Work order: Set down the full listing below word for word; pictures stay out of the copy.

Data excerpt:
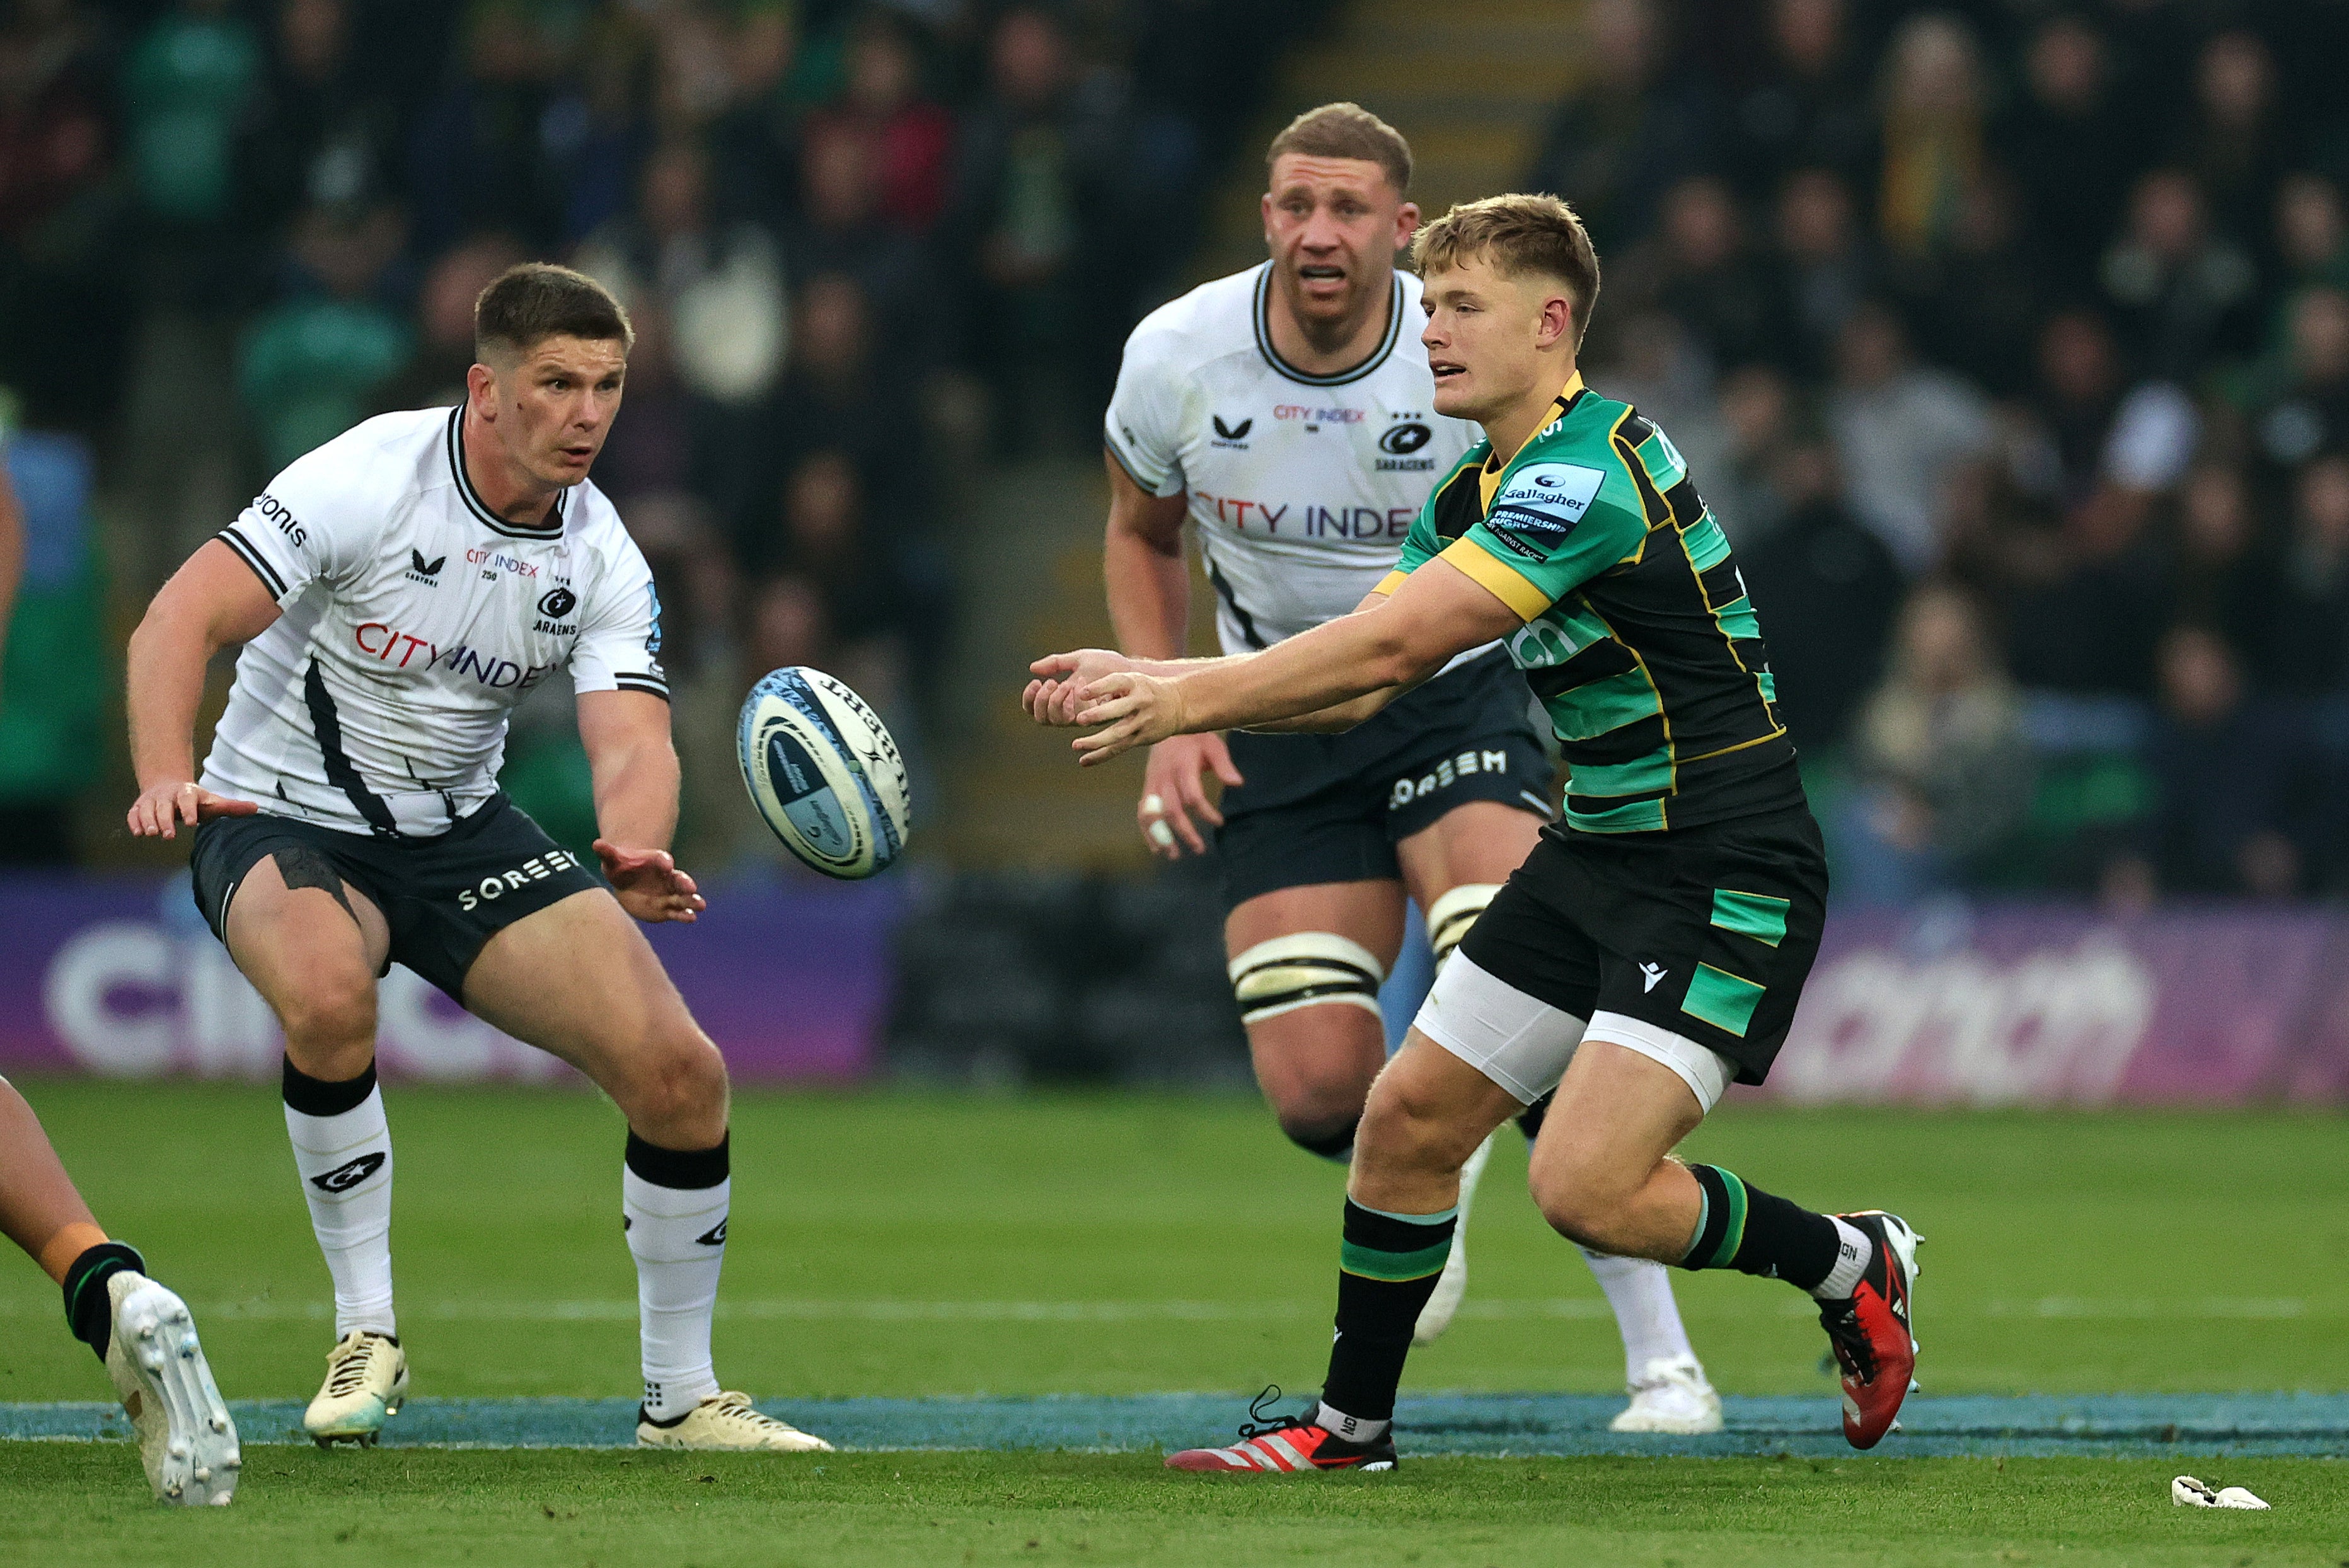 Fin Smith steered Northampton to victory
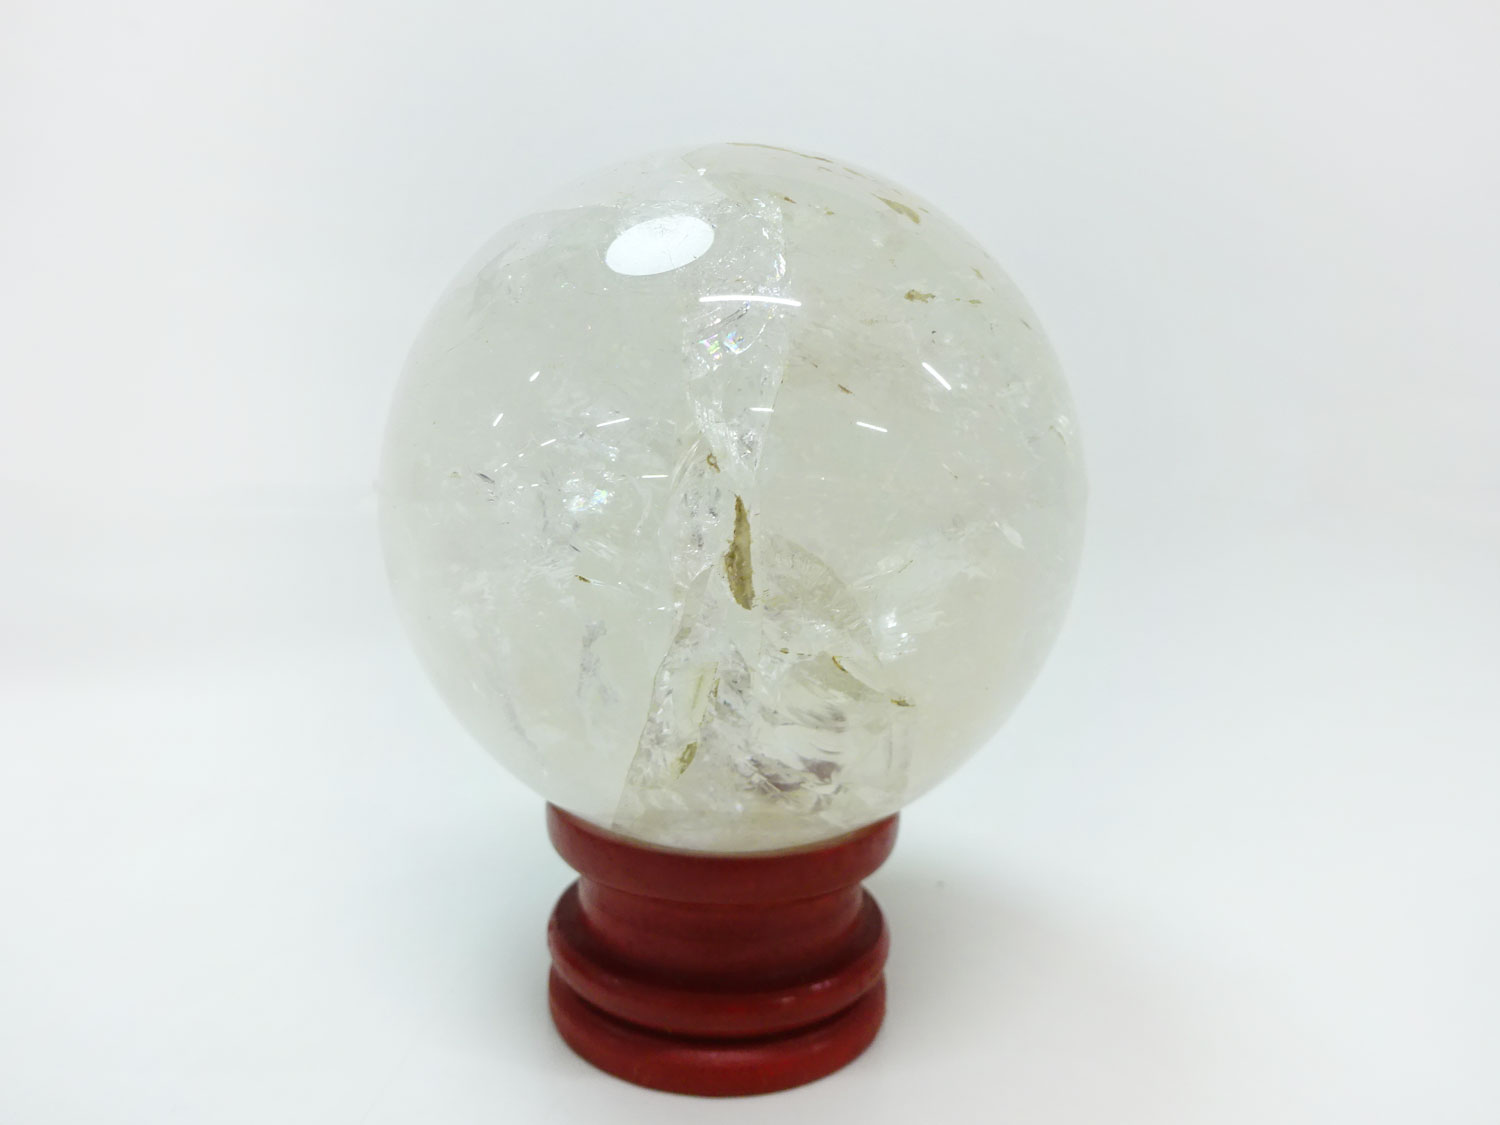 JAPANESE ORNAMENT / NATURAL CRYSTAL & MINERAL (630g) / HEALING CRYSTAL SPHERE
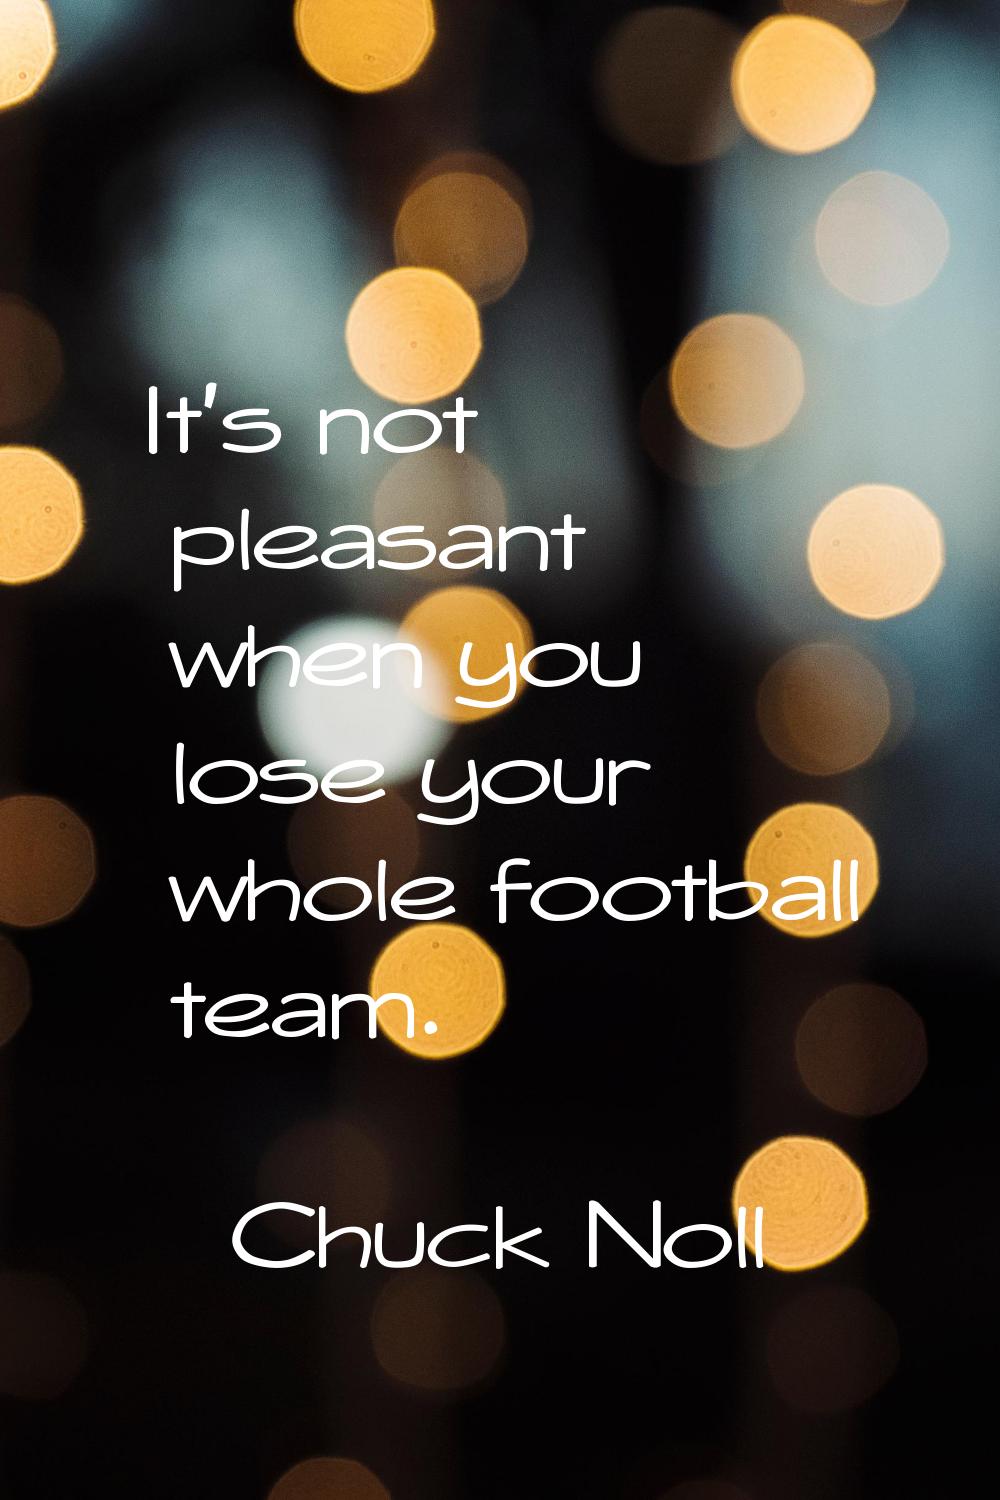 It's not pleasant when you lose your whole football team.
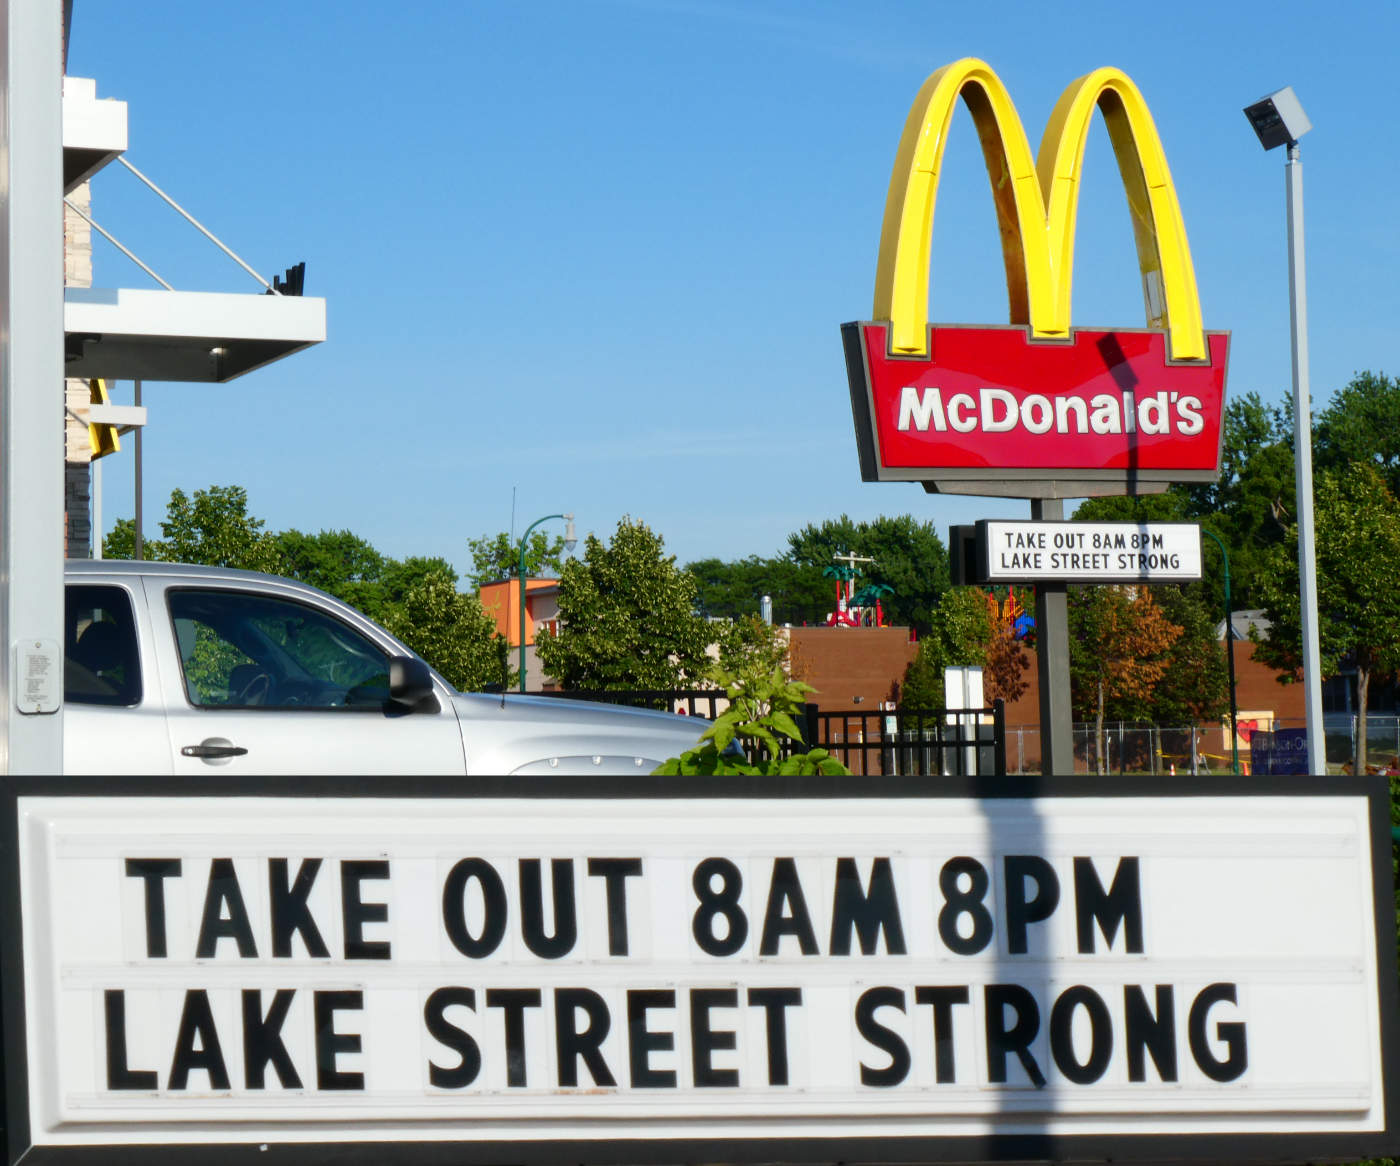 McDonalds street sign with golden arches and sign reading: Take out 8am 8pm - Lake Street Strong

Exercise response:
 Fin Smith steered Northampton to victory
 JAPANESE ORNAMENT / NATURAL CRYSTAL & MINERAL (630g) / HEALING CRYSTAL SPHERE
 It's not pleasant when you lose your whole football team.
 McDonalds street sign with golden arches and sign reading: Take out 8am 8pm - Lake Street Strong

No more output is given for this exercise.